As depression can be an underlying source of suicide ideation, Students Against Depression, a project from the Charlie Waller Trust, has created a series of training modules which provide a step-by-step pathway to managing depression. Modules include making a safety plan, building a support network, self-help first steps, healthier daily routines, understanding depression and changing your thinking.23
From my own personal and professional experience, it is crucial to be aware of physiological factors which may be exacerbating or even masquerading as a mental health problem. I have known numerous clients who have presented with very low mood, high levels of anxiety and suicidal ideation, who had recently seen a GP or psychiatrist, in some cases had been prescribed psychiatric medication, but had not had blood tests to rule out any underlying physiological issue. Examples have included vitamin D deficiency, which is associated with depression27 and suicidal behaviour,28,29 and thyroid dysfunction, which was a major (and undiagnosed) factor in the aetiology of my own historic psychiatric problems, and is also associated with depression and suicidality.30,31 Although there is no suggestion here that therapists attempt to assume the role of medical professional, awareness of these and other issues is important, and it may be appropriate to refer students to their GP to rule out any underlying physiological problems.

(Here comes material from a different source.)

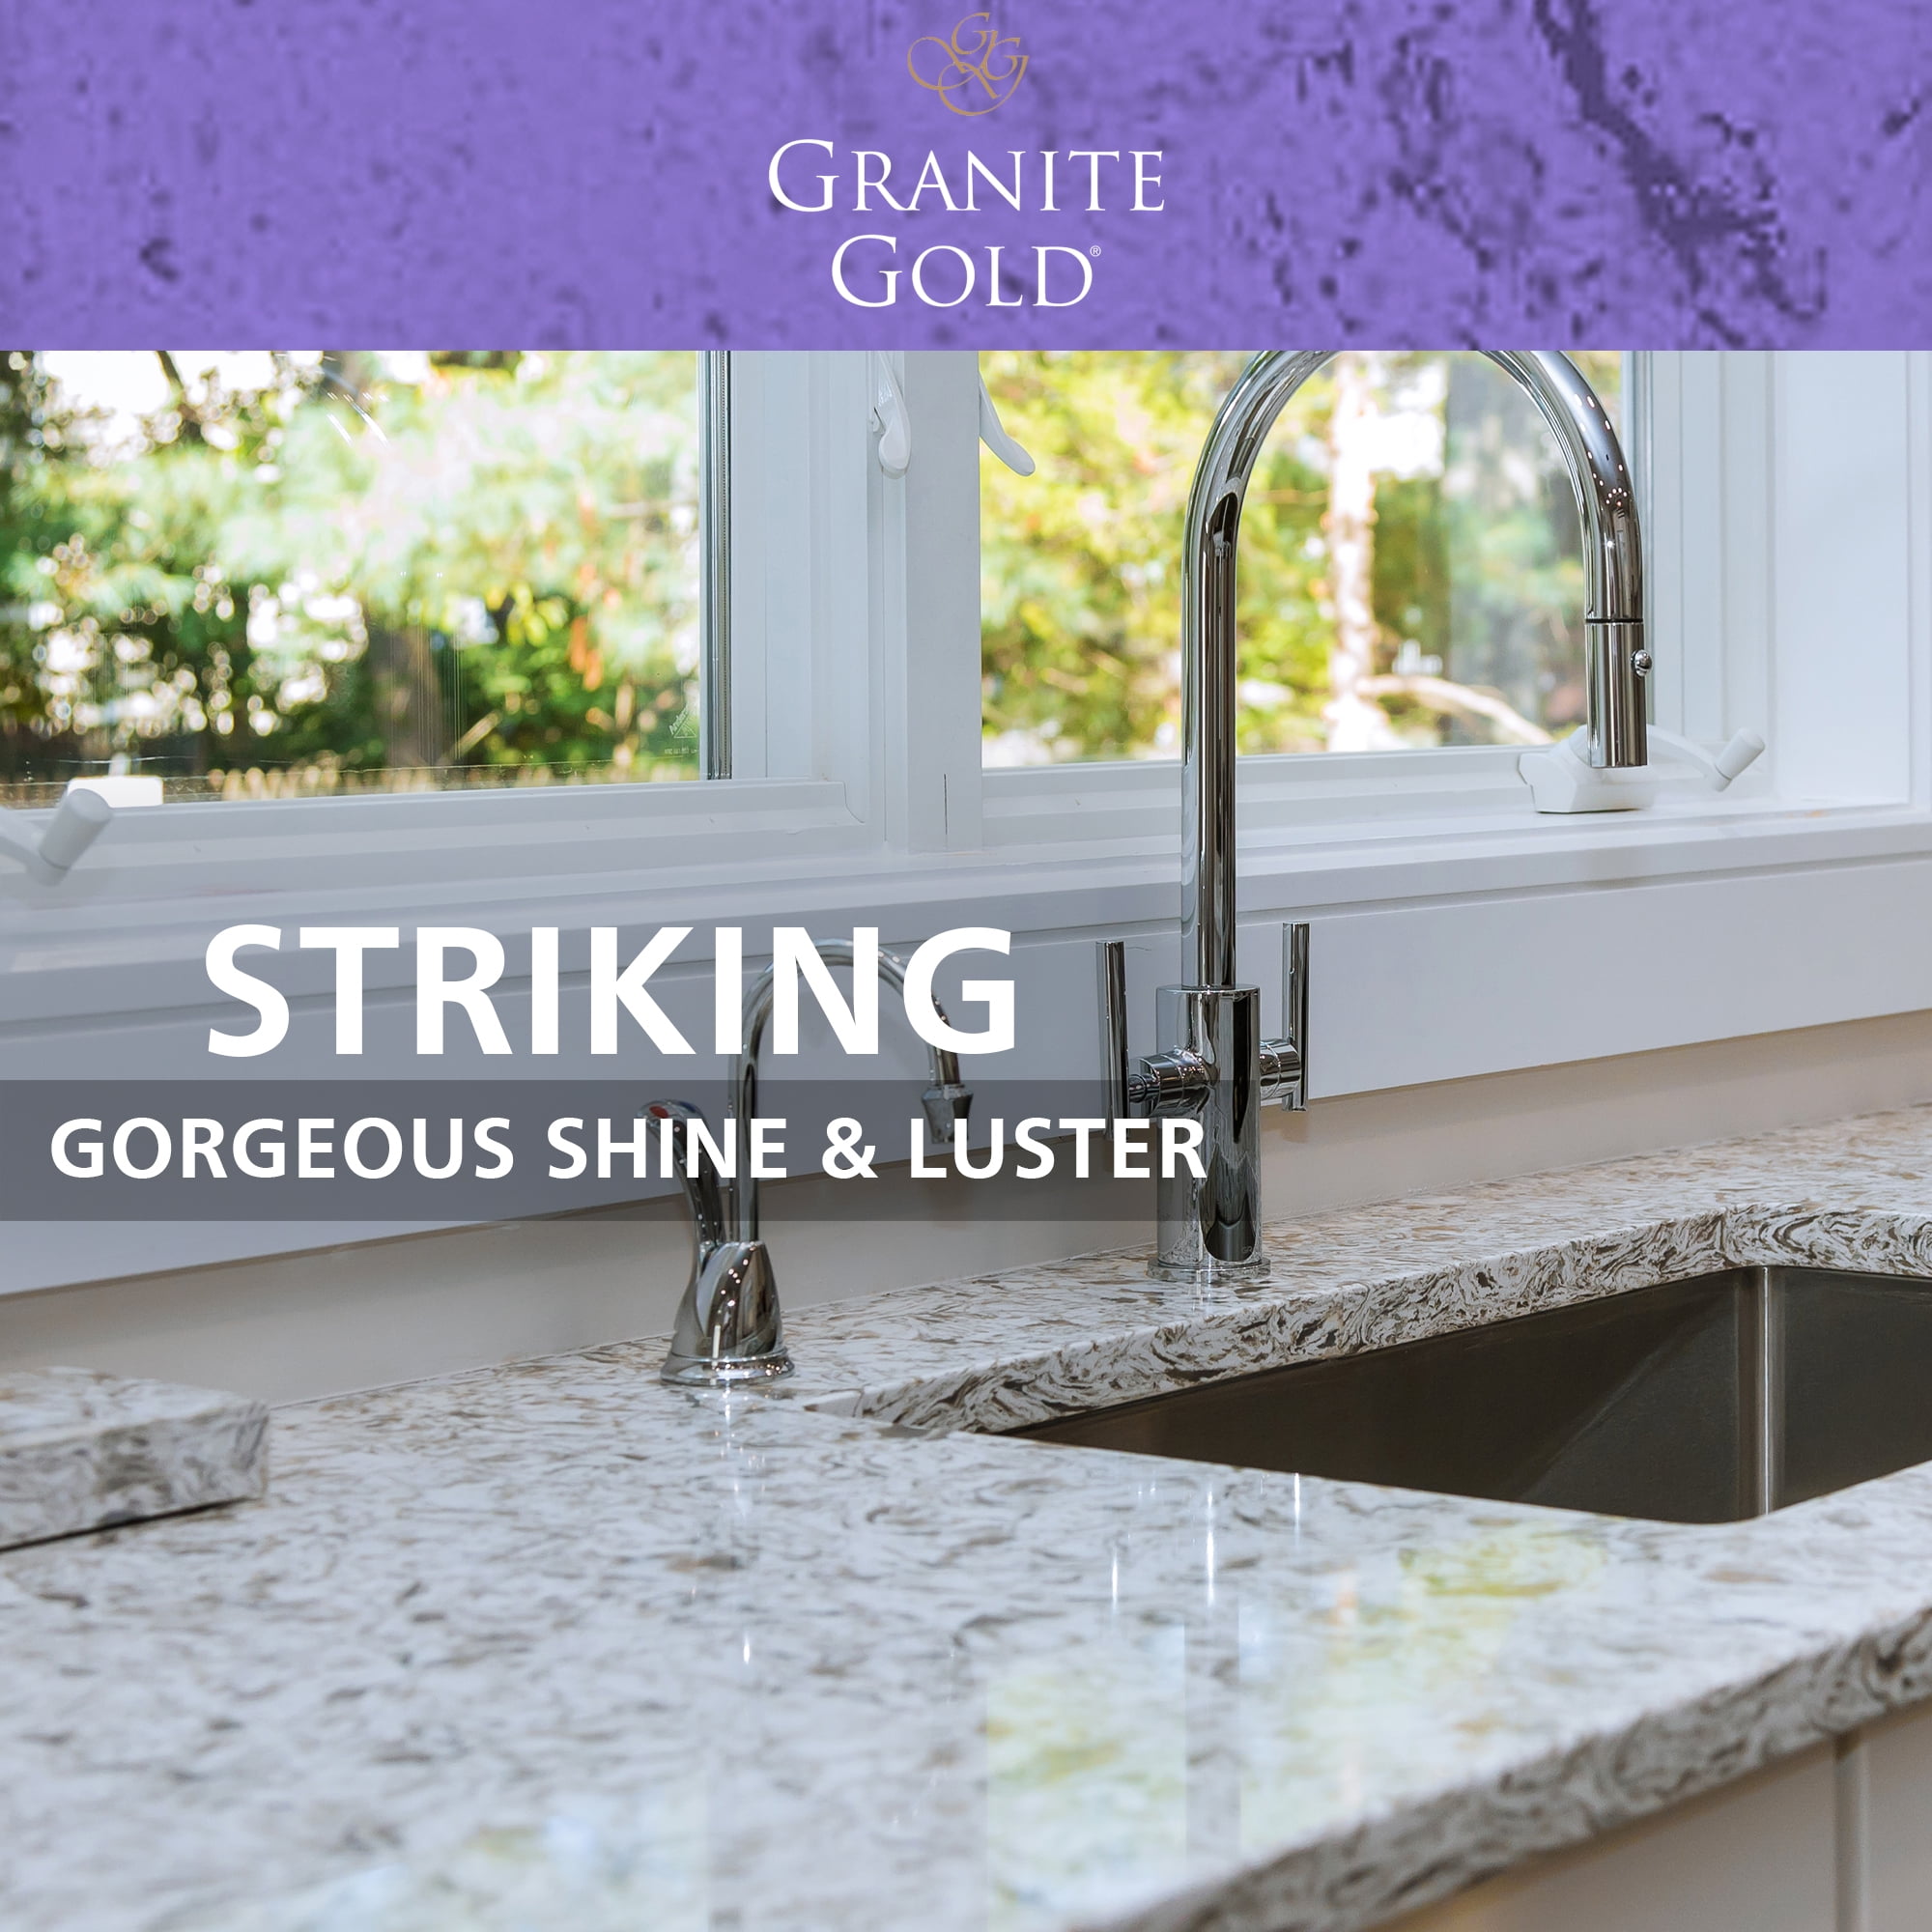 Granite Gold Specialty Cleaner - 24 fl oz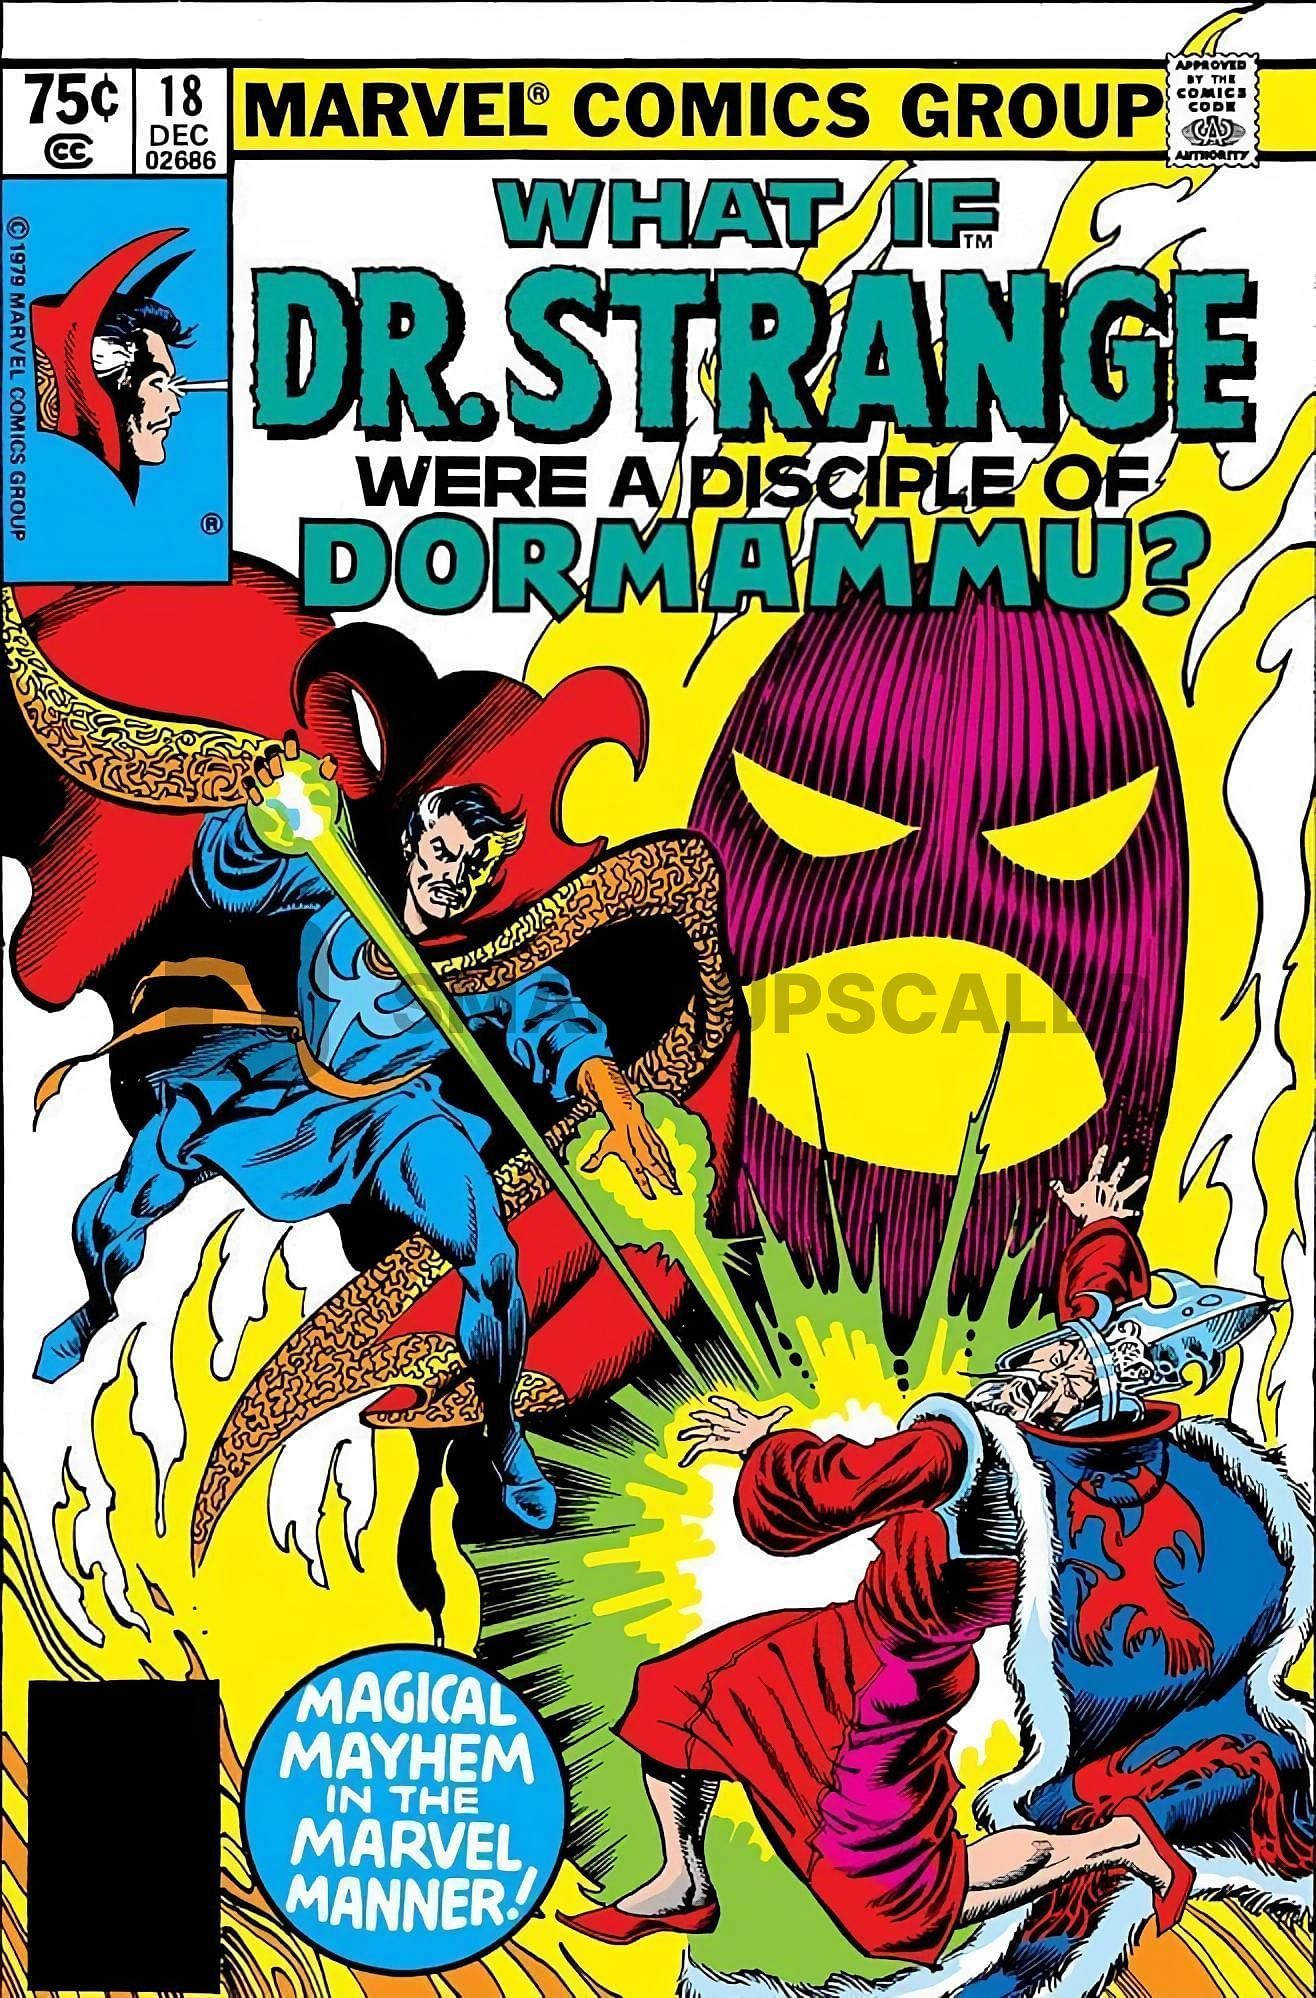 Doctor Strange Disciple of Dormammu Image via (Marvel Comics)

A whole-university approach to mental health and wellbeing
The responsibility for suicidal students cannot solely lie with their therapists; Kalsi12 argues for shared responsibility around suicide, with far greater collaboration between university counselling services and university departments. McLafferty and O’Neill32 recommend that institutions take a whole-university approach to student suicide prevention, with an emphasis on learning, living, support and the development of compassionate communities. Many universities have already made progress, particularly since Universities UK published the Stepchange framework in 201733 and Suicide-Safer Universities in 2018,34 and Student Minds published the University Mental Health Charter.35
The Stepchange framework recommends that all student-facing staff are trained in suicide awareness, including how to have conversations with students and intervene as necessary when a student who presents in distress may be at risk of suicide. It is also essential for student support staff to receive adequate support, including the opportunity to reflect on their experiences of supporting students who present in considerable distress, particularly those who disclose suicidal thoughts.
Social support for students is also essential to reduce the isolation and loneliness associated with suicidal ideation, exacerbated by the pandemic, where students have been encouraged to avoid socialising to prevent transmission of the COVID virus. Student peer support programmes may be one way of decreasing isolation and providing mental health support, facilitating students’ interaction (perhaps online at first), to connect with and provide support to each other.36
Finally, remember that supporting suicidal students is stressful, and engaging in self-care activities is crucial.37 Supervision and reflective practice groups help to facilitate this process.